Folha de S. Paulo


Série 'The Simpsons' ajuda a entender a eleição de Donald Trump

Uma cena de 60 segundos do 17º episódio da 11ª temporada de "Os Simpsons", exibida em março de 2000, entrou para a história da televisão por conter a "previsão" de que Donald Trump um dia seria presidente dos Estados Unidos.

Na verdade, não é exatamente uma previsão, mas uma piada sinistra, inspirada no noticiário da época. Ao longo de 1999, depois de seu nome ter aparecido em mais de uma pesquisa como candidato com chances em uma eleição presidencial, Trump falou abertamente sobre a possibilidade em entrevistas.

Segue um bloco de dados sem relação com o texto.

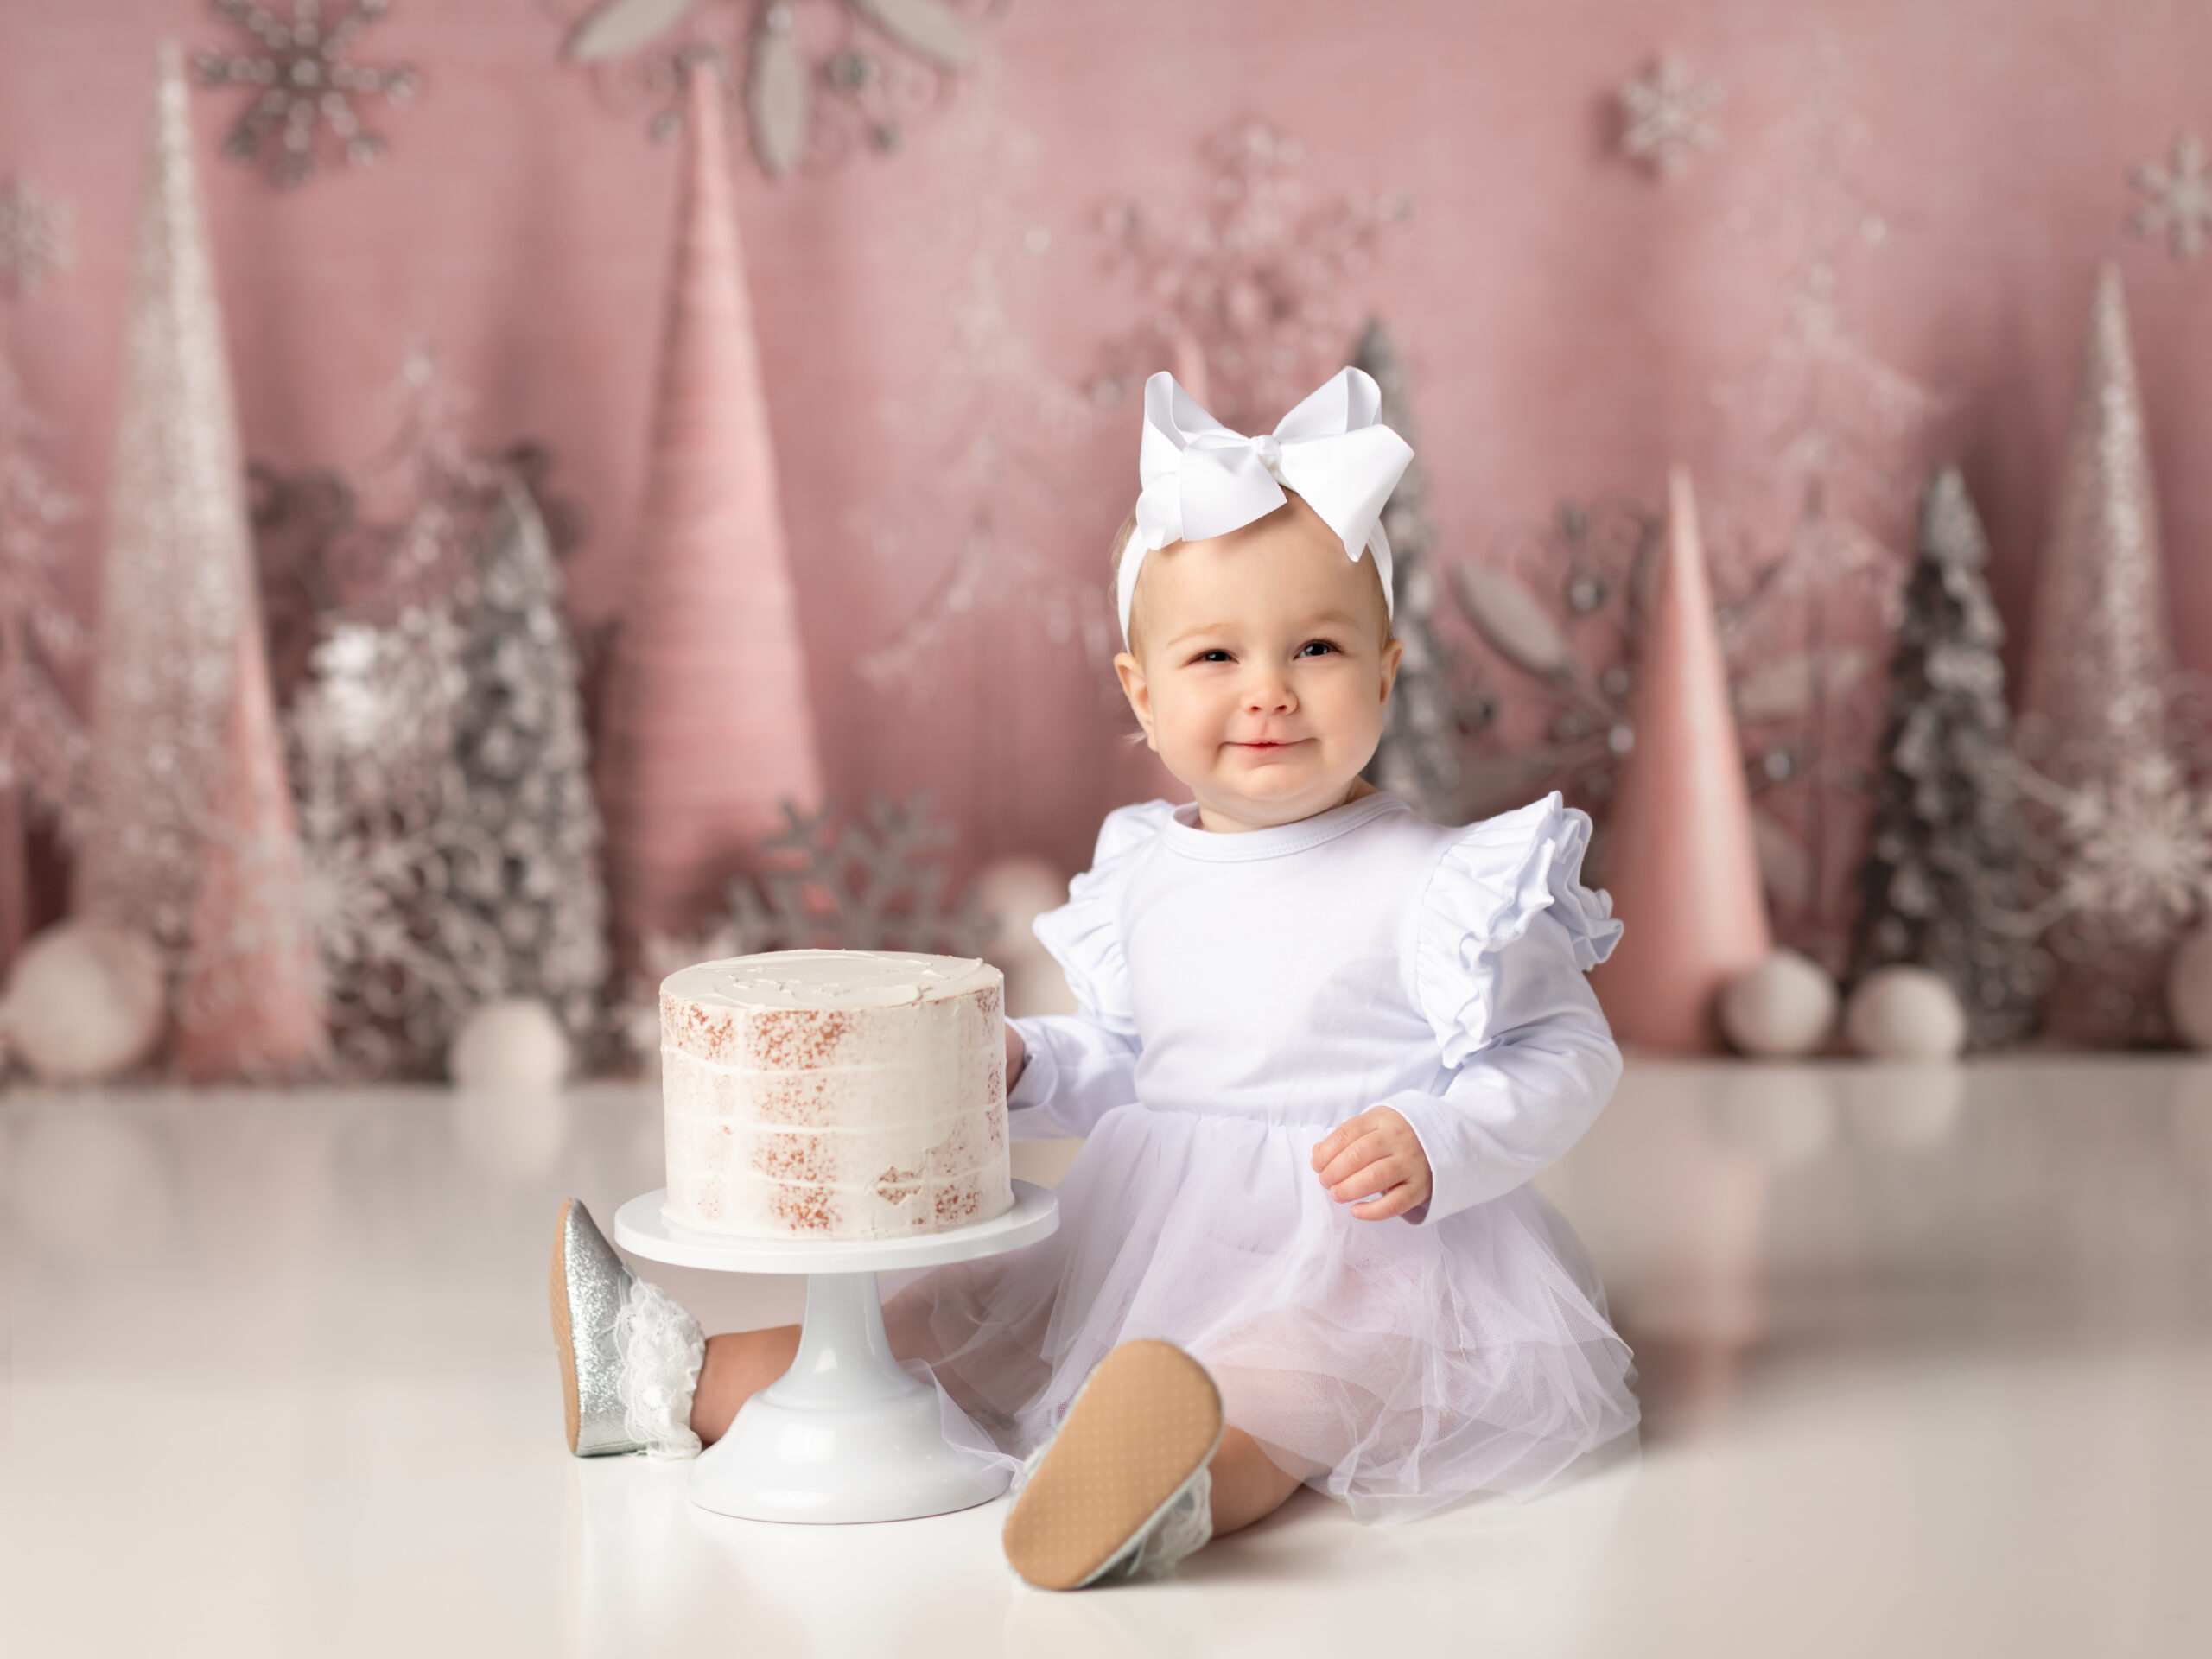 one year old girl in white dress posed for cake smash winter onederland birthday theme

Ainda assim, a cena do episódio, intitulado "Bart to the Future", é exemplar do tipo de humor dos "Simpsons". Ela mostra Lisa Simpson em 2030, recém-empossada como presidente dos Estados Unidos.

Reprodução
Trumptastic Voyage | Season 25 | THE SIMPSONS
Homer Simpson acompanha discurso de Donald Trump em vídeo do seriado "Os Simpsons"

Em sua primeira entrevista, ela fala do orgulho de ser "a primeira mulher heterossexual" a assumir o cargo. Em seguida, a filha mais inteligente de Homer informa à imprensa que a sua administração vai focar em três erres: "reading, writing, and refilling the ocean" (leitura, escrita e reabastecimento do oceano).

Encerrada a entrevista, ela conversa com seus assessores sobre a terrível "herança" deixada pelo "presidente Trump". "Estamos quebrados", informa um deles. A razão: o investimento em um programa para crianças. "Um grande erro."

"Vidente" ou não, a série festejou em 2016 duas grandes consagrações. No início de novembro, poucos dias antes da eleição presidencial, a Fox anunciou ter encomendado mais duas temporadas à equipe de Matt Groening.

Desta forma, ao fim da 30ª temporada, em 2018, "Os Simpsons" vai ostentar o título de a mais longa série americana, com 669 episódios, superando os 635 do western "Gunsmoke", produzido entre 1955 e 1975.

Dois meses antes dessa notícia, em setembro, Groening viu a sua criação ser eleita a melhor série americana de todos os tempos por dois críticos respeitados, Alan Sepinwall e Matt Zoller Seitz.

A escolha aparece no livro "TV (The Book)", no qual os autores elencam as cem melhores produções já realizadas nos Estados Unidos. O Top 10, encabeçado pelos "Simpsons", segue com: 2. "Sopranos"; 3. "The Wire"; 4. "Cheers"; 5. "Breaking Bad"; 6. "Mad Men"; 7. "Seinfeld"; 8. "I Love Lucy"; 9. "Deadwood"; 10. "All in the Family".

É uma boa lista, ainda que, como todas do gênero, sirva mais como ponto de partida para discussão e polêmica do que para concordância. Mais do que o resultado, o esforço de Sepinwall e Seitz interessa por oferecer ferramentas e critérios para este tipo de análise.

Os autores chegaram a essa lista dando, cada um, notas de 1 a 10 a todas as séries, em seis quesitos: inovação, influência, consistência, performance (inclui não só atuação, mas construção dos personagens), "storytelling" (um termo mais abrangente que roteiro) e picos (o quanto a série foi capaz de chegar no seu melhor).

As cinco primeiras séries do Top 10 alcançaram o mesmo resultado: 112 pontos. Eles chegaram à classificação em meio a um longo debate, reproduzido em 20 páginas do livro, no qual admitem, ao final, a subjetividade da escolha.

Em todo caso, qualquer que seja o lugar dos "Simpsons" na sua lista, é preciso reconhecer que poucas séries retrataram tão bem a cultura americana nas últimas décadas. Por esse motivo, e não por causa da tal "previsão", o fã do seriado, com toda certeza, não se surpreendeu com a eleição de Trump.